223 - Classifying Lots in a Subdivision

[chemically_yours]

i want to solve problem number 223 "Classifying lots in Subdivisions" but im unable to make any logic to solve it... so plz i require some basic hint, directions and techniques to solve this problem...plz

[sclo]

The idea isn't complicated. For each vertex, keep a list of its neighbors in sorted angular order, then we can traverse the list of all edges in linear time, and the list of neighbor will tell us which edge to visit next. Using this method, for each region, we can traverse the edges corresponding to its boundary.
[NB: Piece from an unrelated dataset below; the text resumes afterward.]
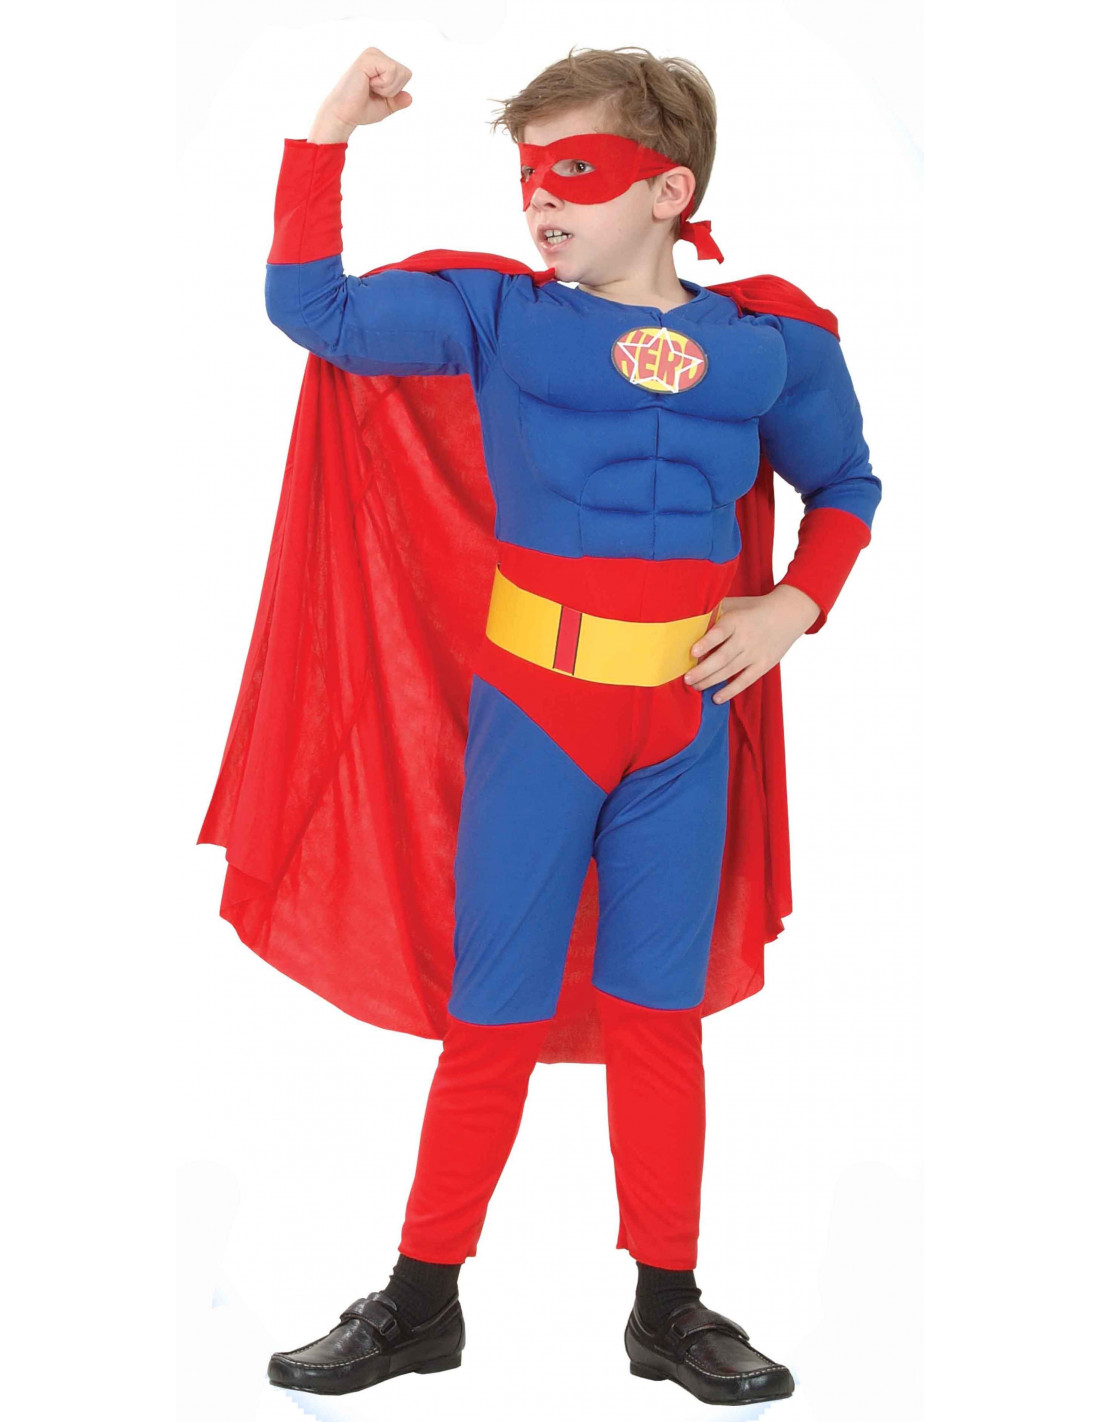 Capas de Superhéroes baratas para niños. Comprar online

There is a simple way to detect the region corresponding to the region outside bounding rectangle.

[gt1404]

It seems every time I attempt a harder puzzle I always get WA even though I'm convinced my algorithm is correct. Can anyone clarify the output specifications for this problem, the instructions are vague and the formatting is the likely culprit.

-gt


INPUT:

Code: Select all

4
0 0 1 0
0 0 0 1
0 1 1 1
1 0 1 1

8
0 0 2 0
2 0 2 2
2 2 0 2
0 0 0 2
0 0 1 1
2 0 1 1
1 1 2 2
1 1 0 2

12
10 41 15 41
15 41 20 41
10 36 15 36
15 36 17 36
10 31 15 31
15 31 20 31
10 41 10 36
10 36 10 31
15 41 17 34
17 34 17 36
15 36 15 31
20 41 20 31

27
10 22 19 22
19 22 23 22
23 22 28 22
28 22 37 22
10 16 16 16
17 16 23 16
23 16 24 16
24 15 28 15
28 15 31 15
10 10 17 10
17 10 24 10
24 10 31 10
31 10 37 10
10 22 10 16
10 16 10 10
17 18 17 16
17 16 17 10
24 16 24 15
24 15 24 10
23 22 23 16
28 22 28 15
31 15 31 10
37 22 37 17
37 17 37 10
16 16 17 18
17 18 19 22
31 15 37 17

10
0 0 1 0
1 0 2 0
0 0 0 1
0 1 0 2
0 2 1 2
1 2 2 2
2 0 2 1
2 1 2 2
0 0 1 1
1 1 2 0

8
0 0 1 0
1 0 2 0
0 0 0 1
0 1 0 2
0 2 1 2
1 2 2 2
2 0 2 1
2 1 2 2

9
0 0 1 0
1 0 2 0
2 0 3 0
3 0 3 2
3 2 0 2
0 2 0 0
1 0 1 1
1 1 2 1
2 1 2 0

16
0 0 1 0
1 0 4 0
4 0 4 2
4 2 4 4
4 4 0 4
0 4 0 0
1 0 1 1
1 1 3 1
3 1 4 0
0 4 1 2
1 2 1 1
3 1 3 2
4 4 2 3
2 3 2 2
2 2 3 2
3 2 4 2
0

OUTPUT:

Code: Select all

Case 1
Number of lots with perimeter consisting of 4 surveyor's lines = 1
Total number of lots = 1

Case 2
Number of lots with perimeter consisting of 3 surveyor's lines = 4
Total number of lots = 4

Case 3
Number of lots with perimeter consisting of 4 surveyor's lines = 1
Number of lots with perimeter consisting of 6 surveyor's lines = 1
Number of lots with perimeter consisting of 7 surveyor's lines = 1
Total number of lots = 3

Case 4
Number of lots with perimeter consisting of 4 surveyor's lines = 1
Number of lots with perimeter consisting of 5 surveyor's lines = 4
Number of lots with perimeter consisting of 6 surveyor's lines = 3
Total number of lots = 8

Case 5
Number of lots with perimeter consisting of 4 surveyor's lines = 1
Number of lots with perimeter consisting of 8 surveyor's lines = 1
Total number of lots = 2

Case 6
Number of lots with perimeter consisting of 8 surveyor's lines = 1
Total number of lots = 1

Case 7
Number of lots with perimeter consisting of 4 surveyor's lines = 1
Number of lots with perimeter consisting of 8 surveyor's lines = 1
Total number of lots = 2

Case 8
Number of lots with perimeter consisting of 4 surveyor's lines = 2
Number of lots with perimeter consisting of 5 surveyor's lines = 2
Number of lots with perimeter consisting of 8 surveyor's lines = 1
Total number of lots = 5

[brianfry713]

My AC code matches your I/O, don't print a newline at the end. Note that the 0 coordinates should not appear in your input, the spec says they are between 1 and 10000. I also noticed the first sample input in the spec is wrong. The point 17,34 should be 17,38 instead.